Они прошли через улицу, потом через что-то, походившее на сознательно культивируемую свалку. Мужрик ловко перескочил через покосившуюся ограду, и Ян Герман последовал его примеру, несмотря на неудобную тяжесть под мышкой. Вновь улица, и опять двор. Еврей подошел к темному окну, постучал в стекло. Через какое-то время опять. Окно приоткрылось. Шепотом обменялись каким-то словами на идиш. Окно закрылось.

— Там, — указал рукой Мужрик. Трудны оглянулся и заметил виднеющиеся в темноте очертания громадной каменной кучи, оставшейся после бомбардировки на месте дома. Он сморщил брови.

— Что, живет там?

— Нет, нет. Пойдемте.

Они начали карабкаться по развалинам. Добравшись на уцелевшую платформу этажа, движением подбородка Мужрик заставил Яна Германа глянуть наверх, к вершине обрушившейся наполовину лестницы, нацеленной щербатым краем в бездну черного неба, затянутого похожими на змей — своими формами и движениями — тучами. Трудны напряг зрение. На самом краю этой лестницы, над заваленной камнями и досками пропастью сидел одинокий человек.

— Он?

— Он.

— И какого он там делает?

— Внучку ждет.

— Чего?

— Ну ведь пан сам видит, что человек с ума сошел.

— Курва...

— Так что иди, пан, если хочешь. Может он чего вам и скажет. Черт его знает. — Мужрик спрыгнул с площадки, чудом при этом не поломав себе ног, и быстро исчез в ночи; а та полностью поглотила его, вместе со звуками.

Трудны начал подниматься по лестнице в небо. Шел он по средине, потому что не осталось никаких поручней, равно как и боковой стенки, а высота, что ни говори, была приличная; ветер рвал полы старого пальто. Нет, его шаги совсем не были тихими, Трудны и не пытался, чтобы те были такими, только Исаак Гольдштейн даже и не дрогнул. Спит, подумал Ян Герман. Спит. Замерз. Он подошел к нему, остановился, высясь над стариком тенью, морозный воздух овевал ими как единым целым, вырывая пару облачек дыханий — Гольдштейн, с ногами, свисавшими в адскую бездну разрушения, сгорбившийся у ног Яна Германа, плотно закутавшийся сразу в два одеяла, казался по сравнению с Трудным старчески детским, предсмертно съежившимся, засушенным: выставленная на мороз маленькая мумия. Трудны присел на корточки, размотал черную материю с Книги. Матово блеснули оковки. Рукой в перчатке Ян Герман вынул спички и после нескольких неудачных попыток зажег три сразу; он открыл Книгу, пролистал несколько первых страниц и приблизил к ним огонь. Свет во мраке: глаза невольно поворачиваются к свету. Исаак пошевелил головой, что-то шепнул по-еврейски.

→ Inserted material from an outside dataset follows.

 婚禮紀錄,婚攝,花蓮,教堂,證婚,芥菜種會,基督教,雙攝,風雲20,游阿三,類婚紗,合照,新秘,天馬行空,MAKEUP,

— Польский, польский, — тихонько сказал ему Трудны.

— Ах, — протяжно вздохнул Гольдштейн. Ветер вдавил вздох назад, в неосторожно раскрывшиеся губы; тот же самый ветер погасил и спички.

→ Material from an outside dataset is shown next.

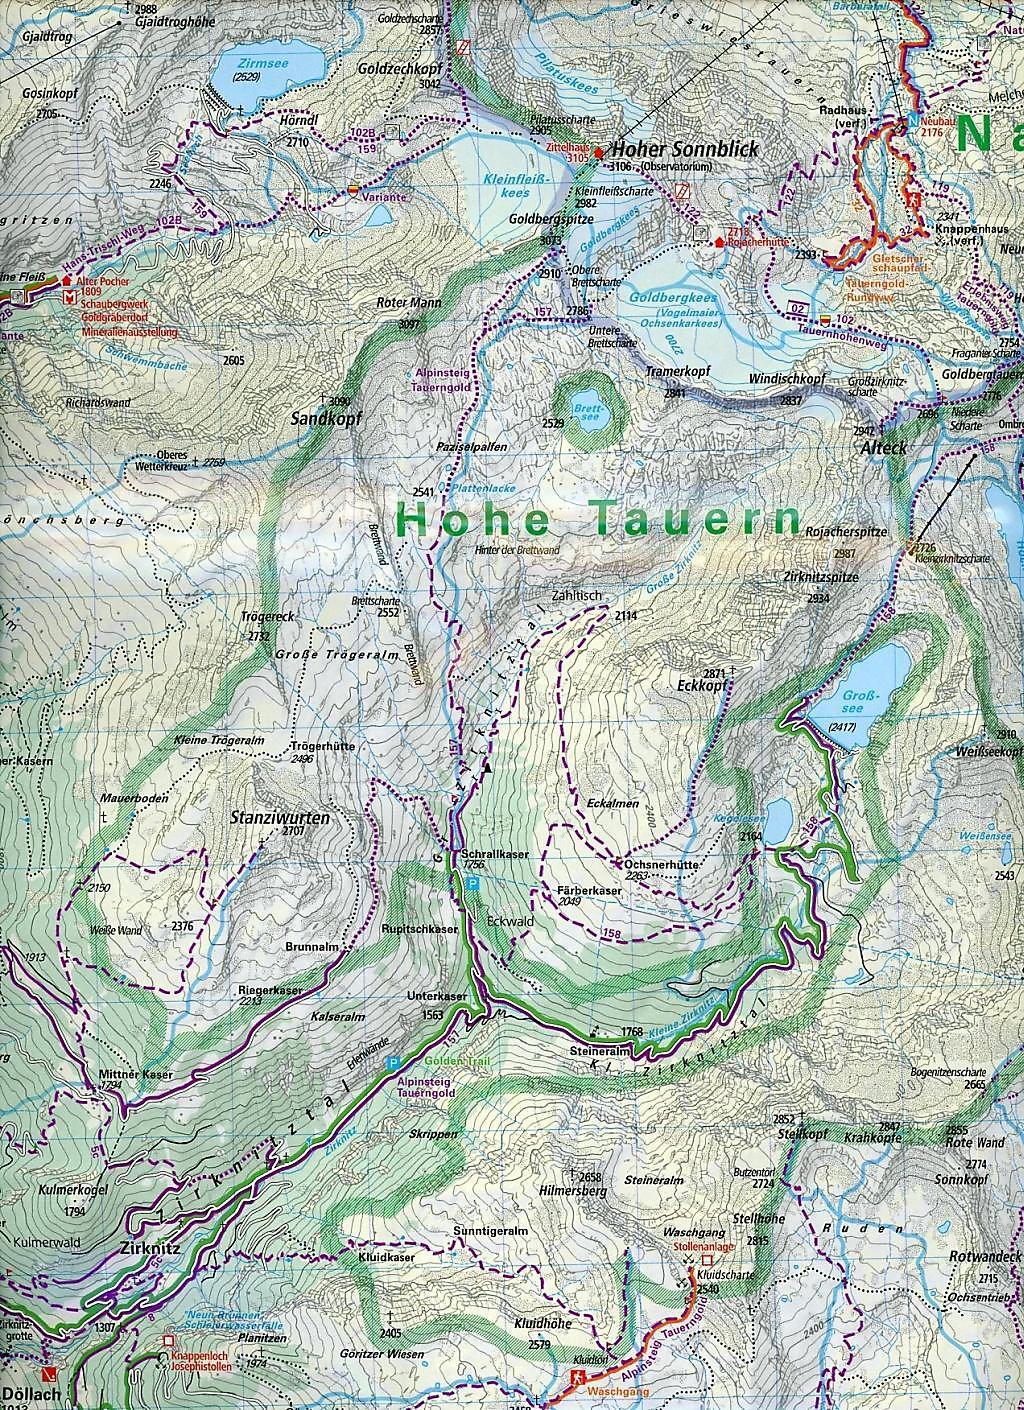 Großglockner Karte.Kümmerly Frey Outdoorkarte österreich Großglockner Buch

— Шимон Шниц, — сказал Трудны.

— Ах, — повторил Гольдштейн, потому что повторять всегда легче.

— Вы мне скажете, пан Гольдштейн, вы мне скажете.

— Что именно?

— Зачем Шницу была нужна Книга? Чего он хотел...? Ahnenerbe... слыхали? Они... это эсэсовцы. За ним охотились. Какие это чары, какие...

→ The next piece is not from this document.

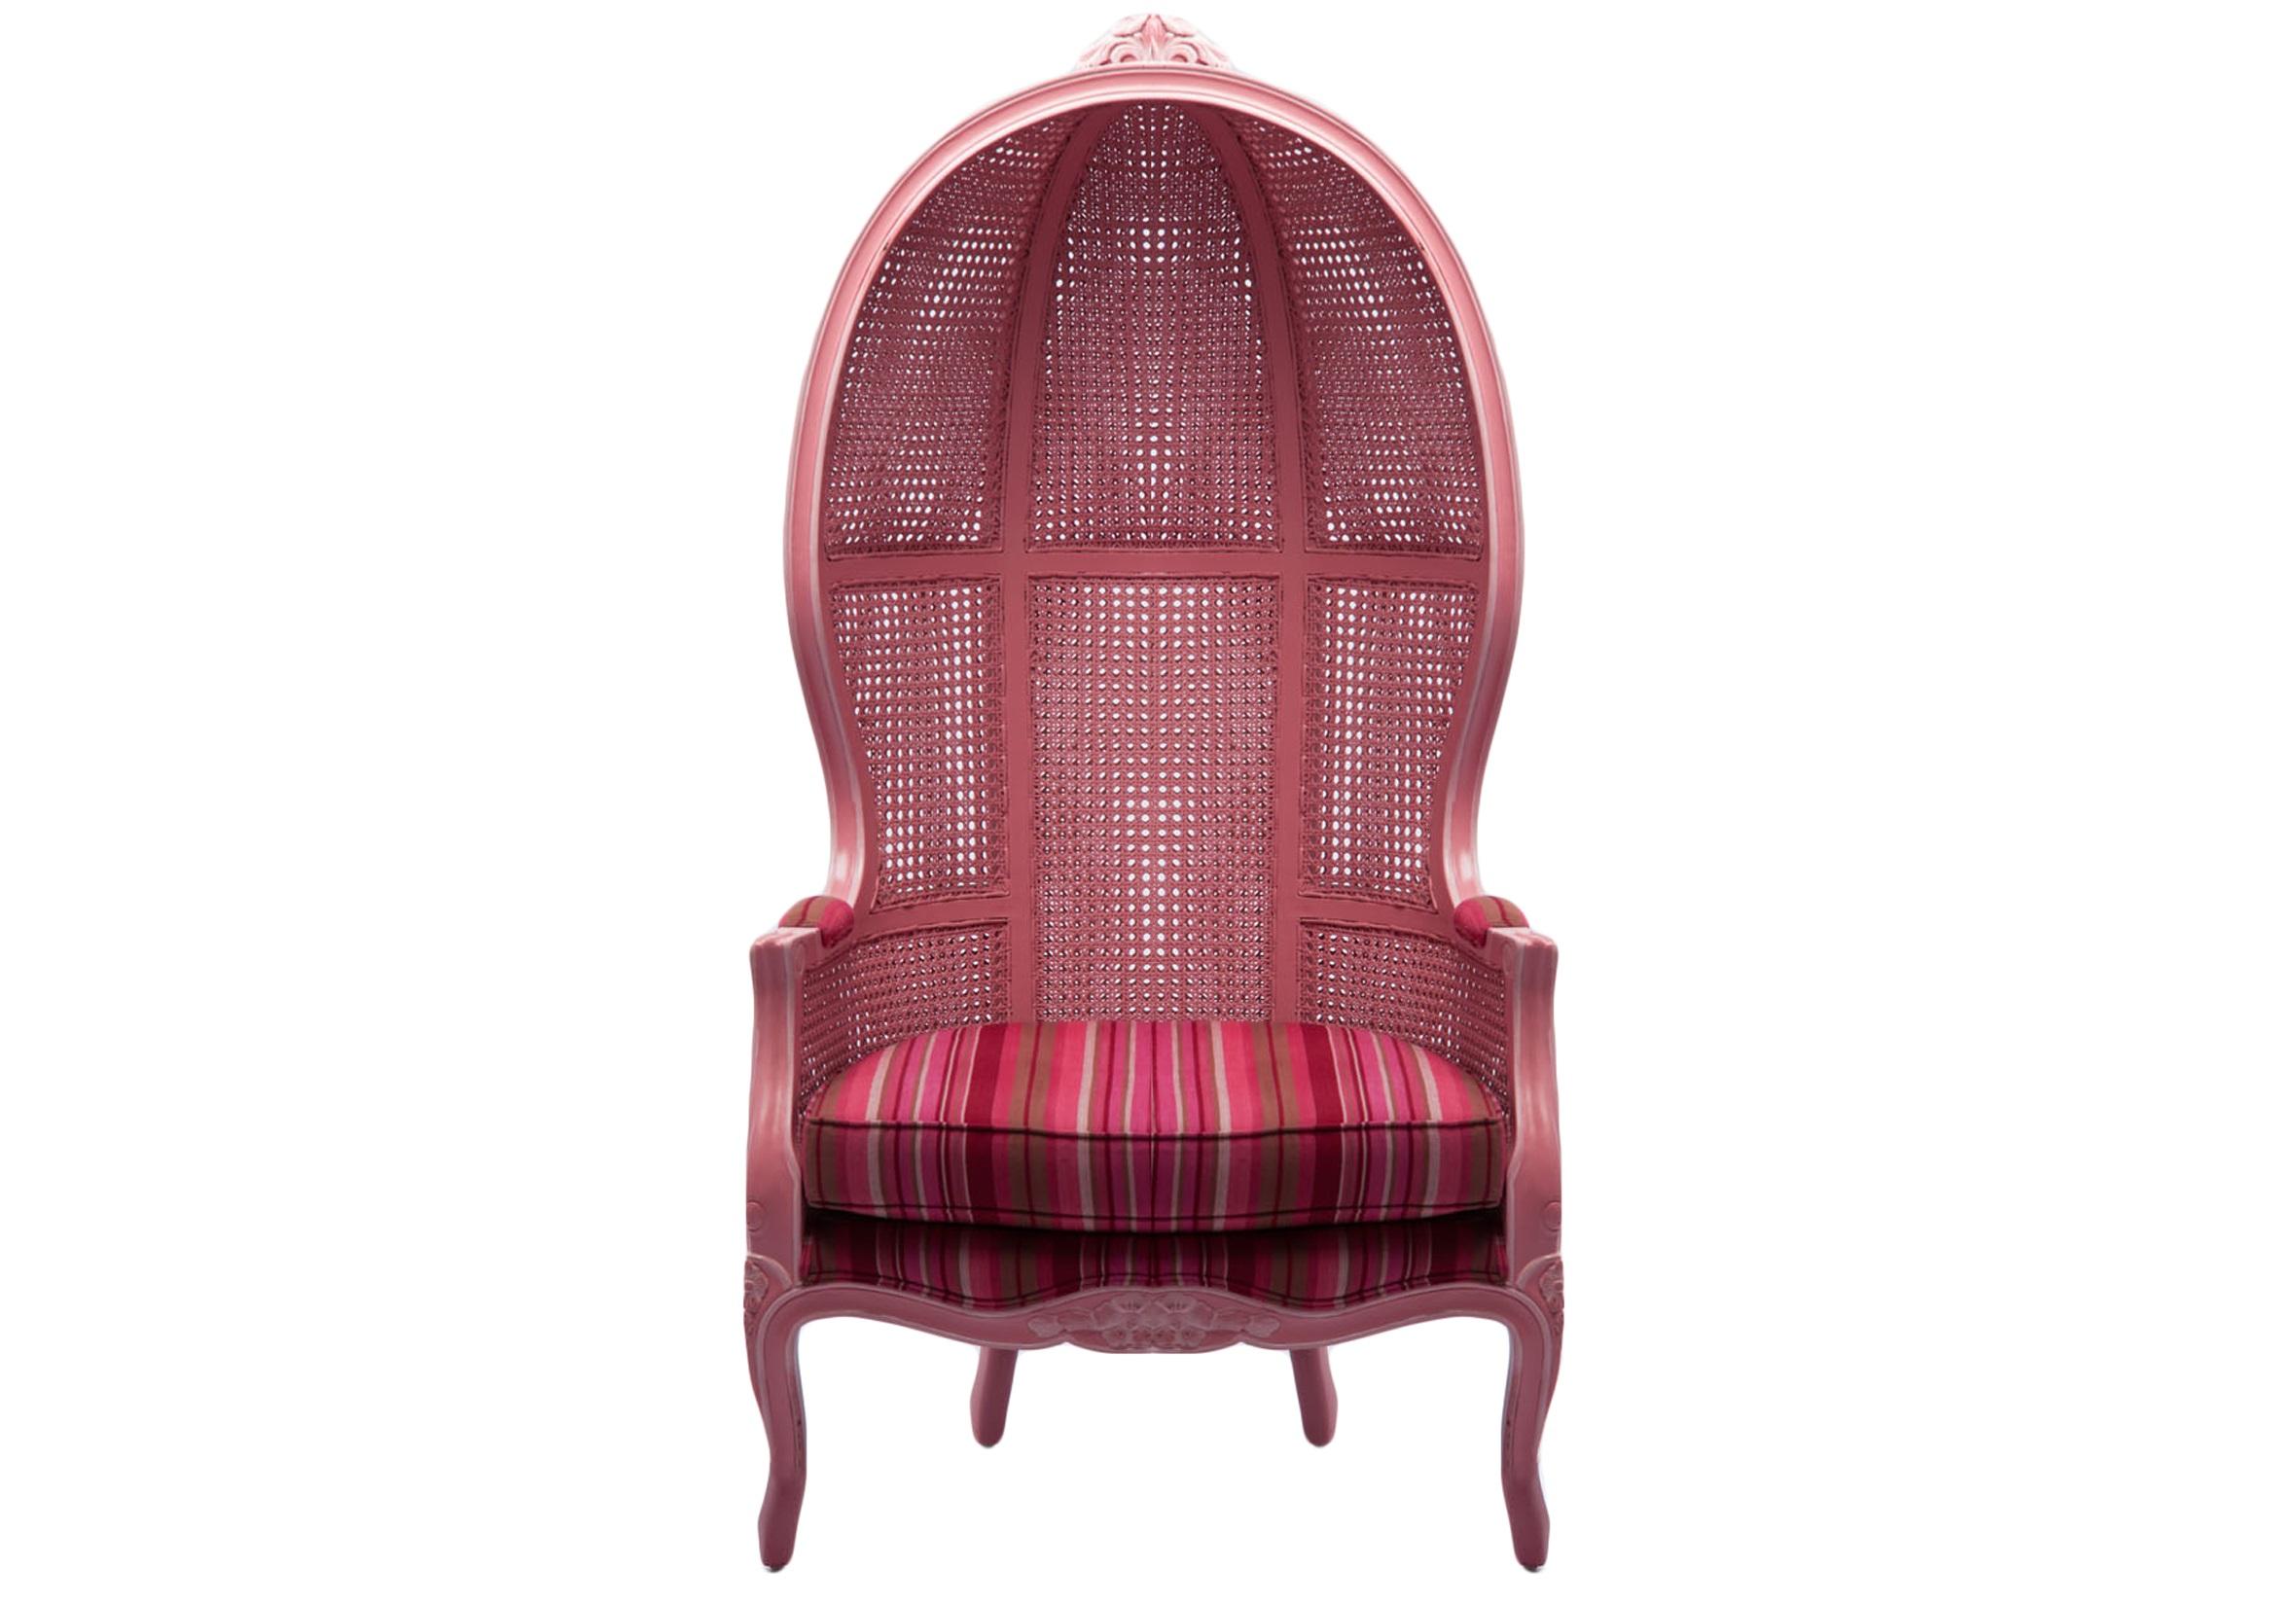 Кресло ПараболаКресла с высокой спинкой<br>Кресло-купол из дерева махагони, украшено резьбой. Спинка декорирована вставками из ротанга.<br><br>Material: Красное дерево<br>Width см: 77<br>Depth см: 73<br>Height см: 153

— Тииии... Тииихо...! Тихо, тихо, тихо.

И повсюду была ночь. Чудовище находилось в шаге от присевшего на краешке ведущей в никуда лестницы Яна Германа и глядело ему через плечо. Над Исааком Гольдштейном выл ветер, а старец кричал в темную бесконечность имя своей внучки, наверняка давным-давно уже умершей.

— Рашель, Рашель, Рашель...

Так что, если бы не эта ночь, охватывавшая все и всех, Ян Герман не нашел бы в себе достаточно ни храбрости, ни страха, чтобы сделать то, что сделал.

Он схватился за длинный лоскут одеяла, тряхнул Гольдштейном и повернул его лицом у себе.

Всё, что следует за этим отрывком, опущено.